[Records for processing]
--- START ---
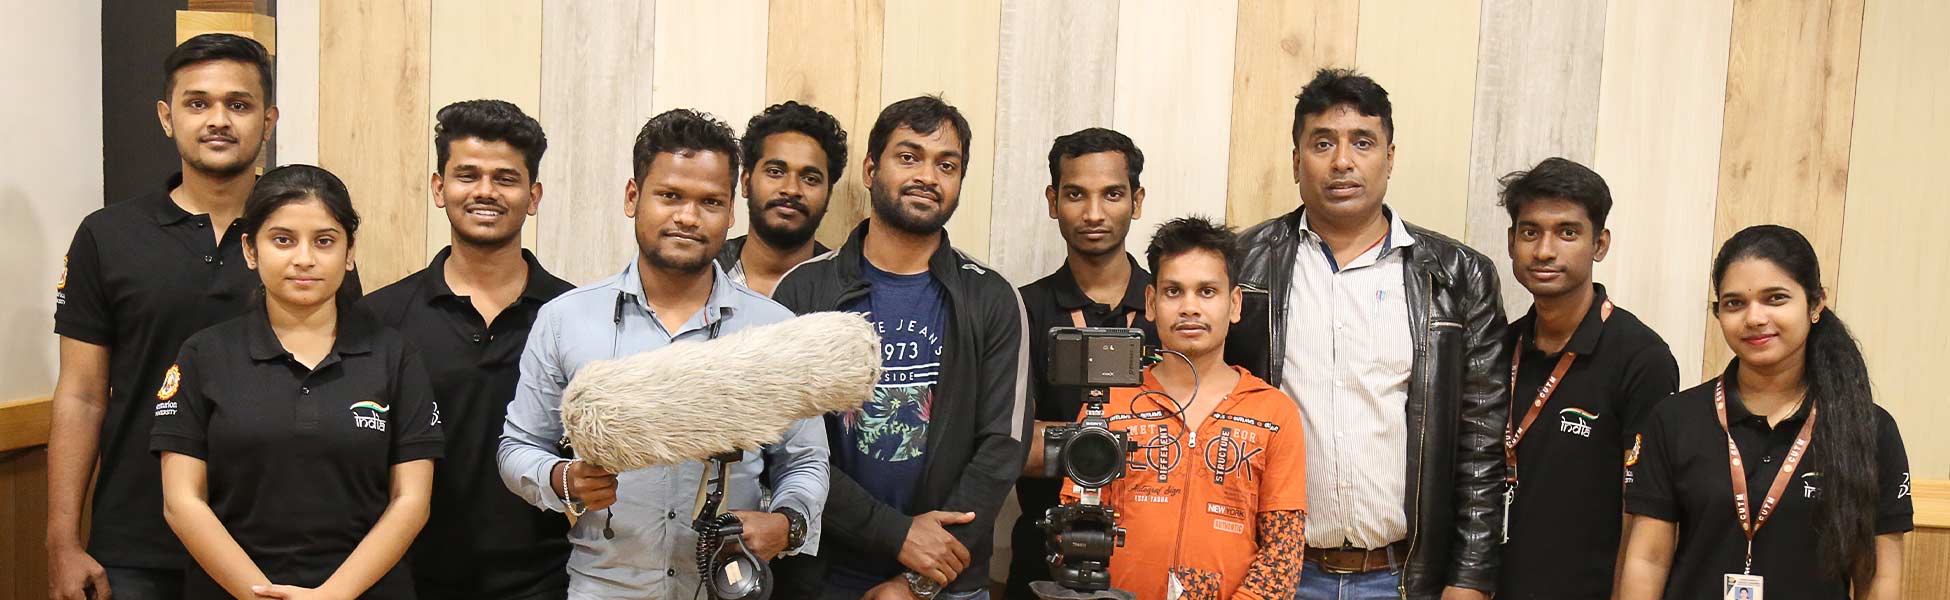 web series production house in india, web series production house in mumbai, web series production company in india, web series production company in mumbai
--- END ---
--- START ---
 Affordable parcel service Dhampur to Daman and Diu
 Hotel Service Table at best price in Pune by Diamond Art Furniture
--- END ---
[Try it] Begin at the line that has "Affordable parcel service" in the entries above; stop after the line that has "Hotel Service Table". Transcribe exactly those lines and no others.

[Task solution]
 Affordable parcel service Dhampur to Daman and Diu
 Hotel Service Table at best price in Pune by Diamond Art Furniture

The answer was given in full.